- **Input data**:
★ ★ ★
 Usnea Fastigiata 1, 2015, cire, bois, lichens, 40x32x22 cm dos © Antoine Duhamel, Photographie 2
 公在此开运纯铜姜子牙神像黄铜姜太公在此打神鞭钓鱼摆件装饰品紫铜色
★ ★ ★
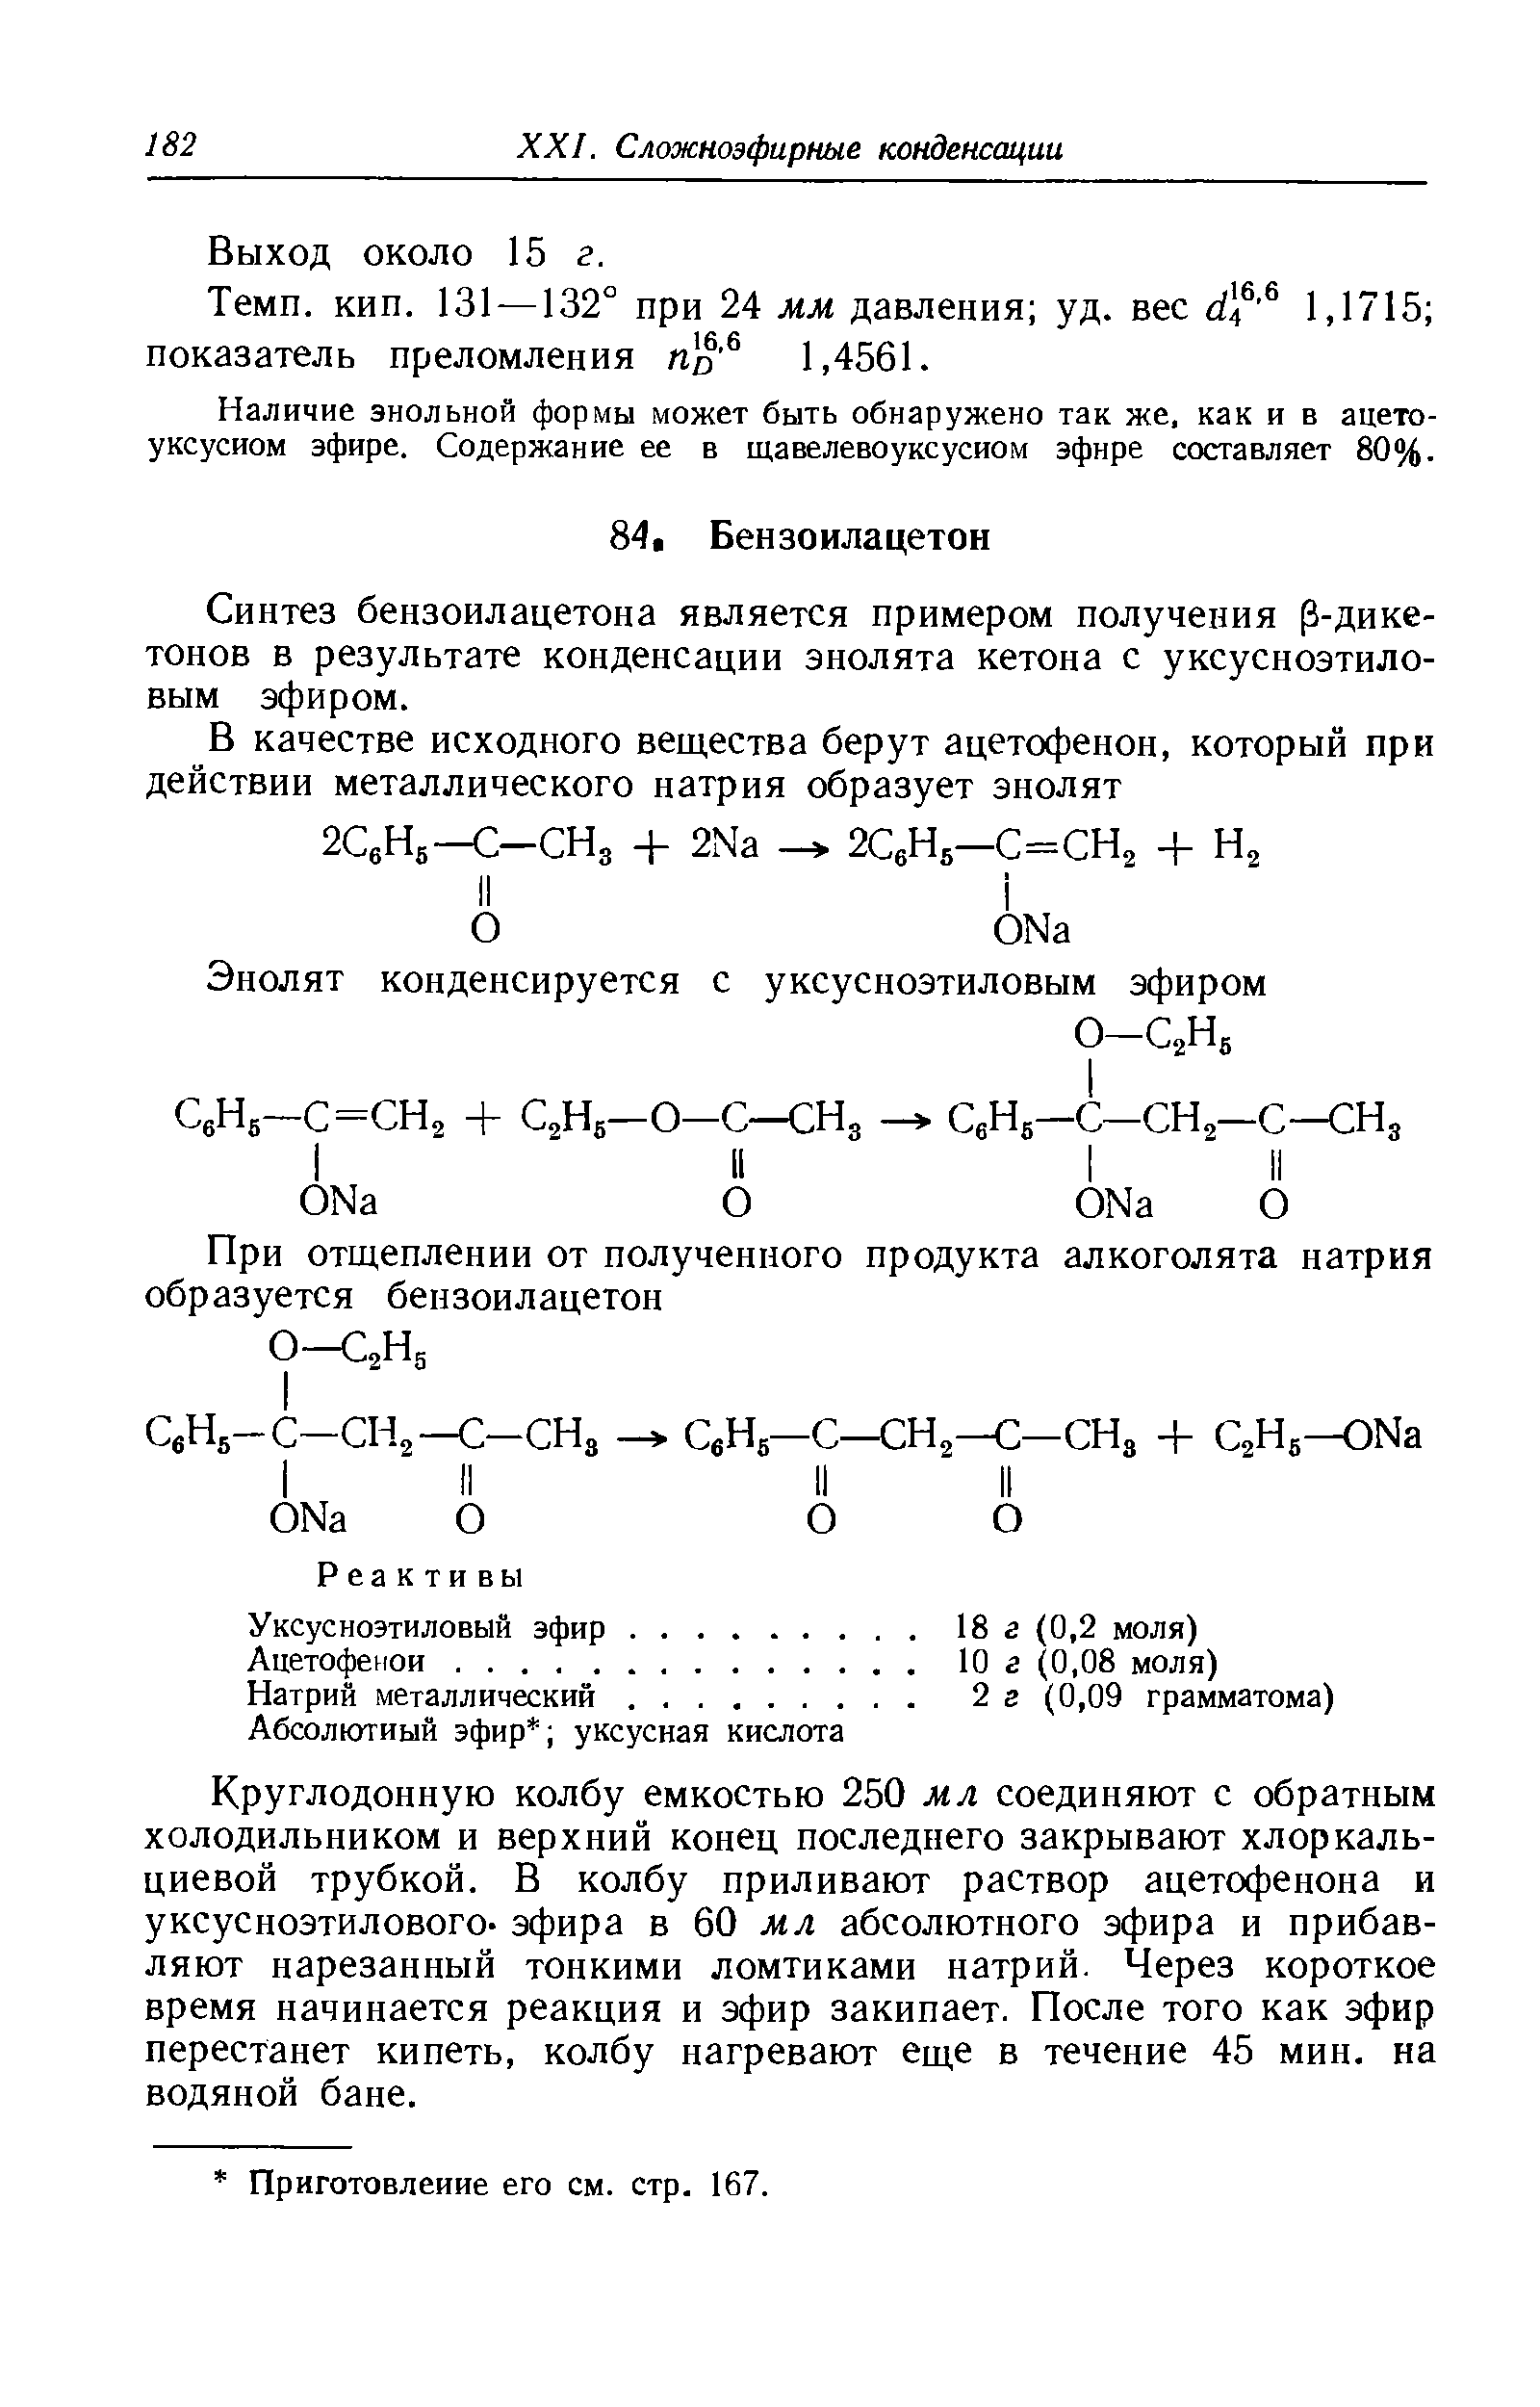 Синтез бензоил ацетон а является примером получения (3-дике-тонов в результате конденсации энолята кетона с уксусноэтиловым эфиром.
★ ★ ★
- **Aim of the task**: Please give back exactly the lines of the listing above that run from the one containing "Usnea Fastigiata 1, 2015, cire, bois, lichens, 40x32x22" through the one containing "公在此开运纯铜姜子牙神像黄铜姜太公在此打神鞭钓鱼摆件装饰品紫铜色", and only those.

- **Reply**:
 Usnea Fastigiata 1, 2015, cire, bois, lichens, 40x32x22 cm dos © Antoine Duhamel, Photographie 2
 公在此开运纯铜姜子牙神像黄铜姜太公在此打神鞭钓鱼摆件装饰品紫铜色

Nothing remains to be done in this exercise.